I have a second bike I'm rebuilding , a Jamis Dakar, with some high end components I'm slowly collecting off Ebay like double crown forks, Morati Ti "W" handlebars, XTR controls and derailleurs, but am putting skinny slicks on it for an "urban bomber". (and will use 2 or 3 of the best locks out there should I park it, a Krp. NY Fahgeddaboutit "U", a Master SS streetcuffs, and maybe an armoured cable- yeah, all at once)
I've been looking at HID's and kind of wanted a one piece torch- style like the OMS dive light, though its costly. Just 8"x2.5" though.... 
I wonder about that 30w Trailtech.... would there be legal problems commuting with something so bright?
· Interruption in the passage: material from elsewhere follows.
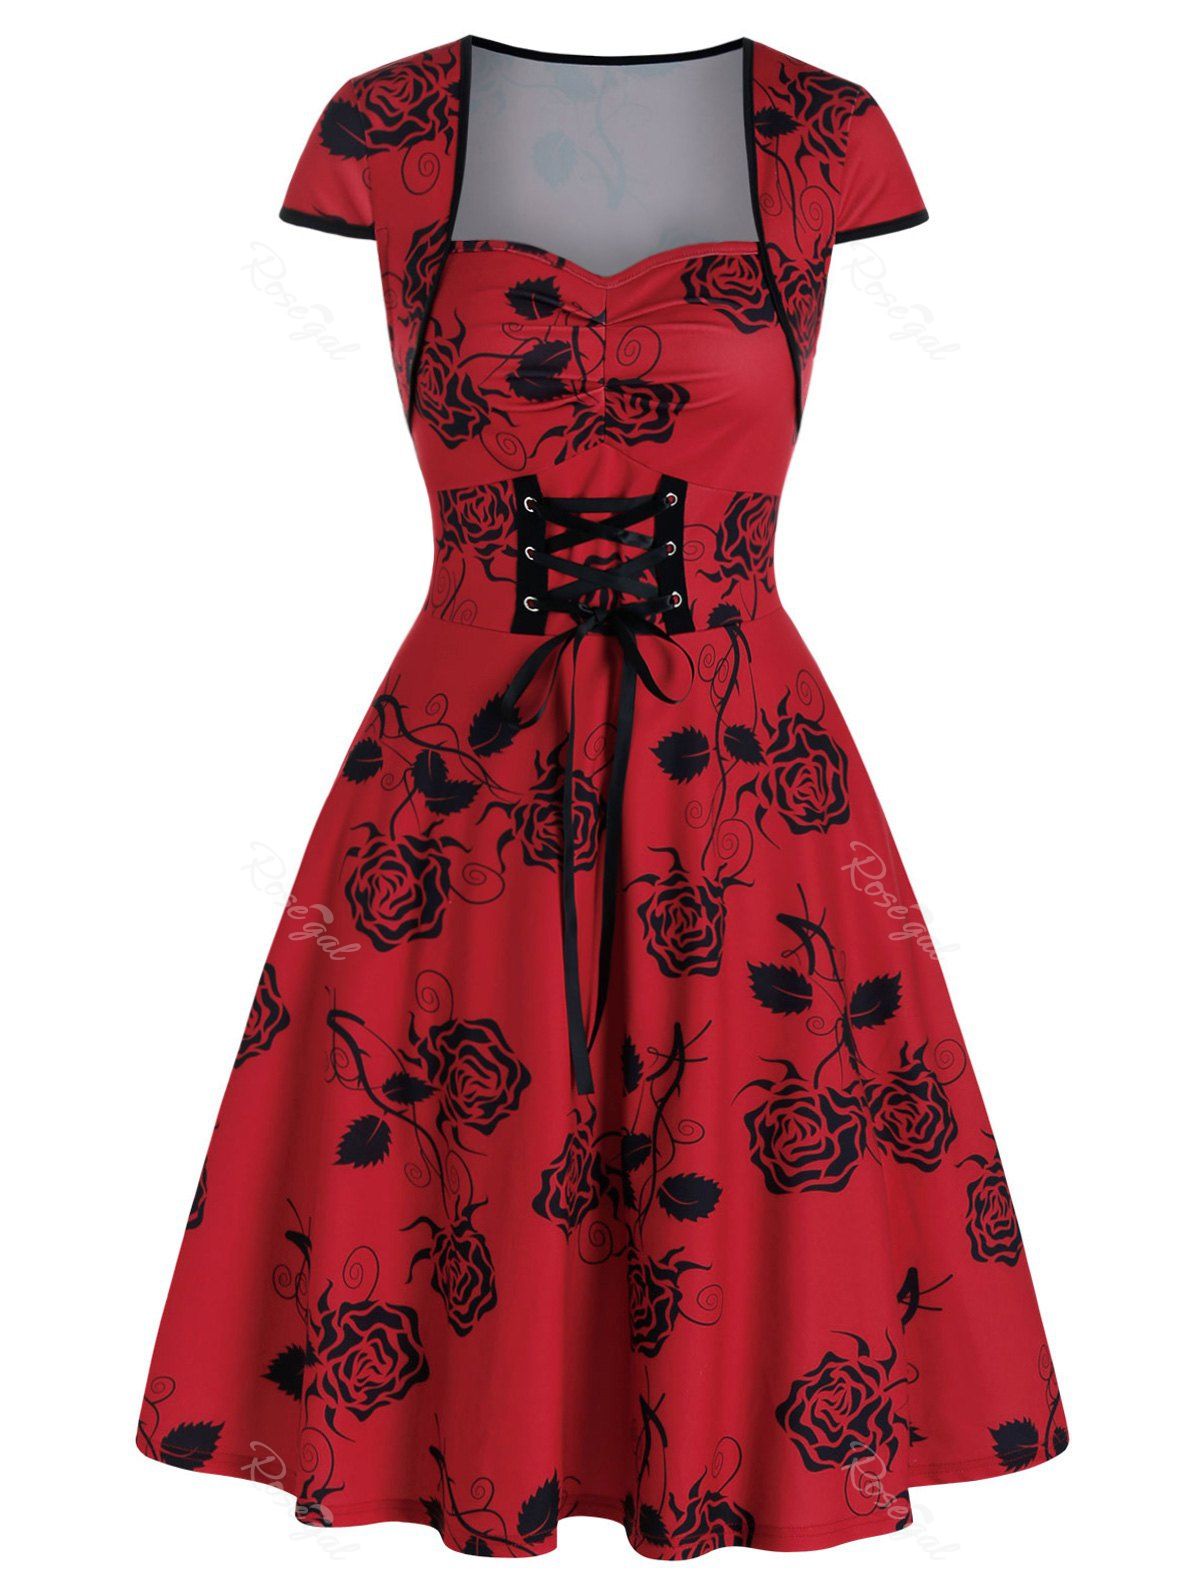 Discount Floral Print Lace Up Square Collar Mini Dress

Is the beam focused down or is it 360 degrees?


----------



## soupdragon (Jun 2, 2006)

You will end up paying alot for a HID light as the various companies add a premium cost for packaging the light so its bike friendly

As far as recomendations if you are after the best there is then Lupine lights are pretty much it for weight and runtimes 

For cost its hard to beat Lumicycle lights (a UK company btw) http://www.lumicycle.com/pages/default.aspx 

lumicycle started off life making home made halogens and the lights still have that kind of quality but in the UK are very good value


----------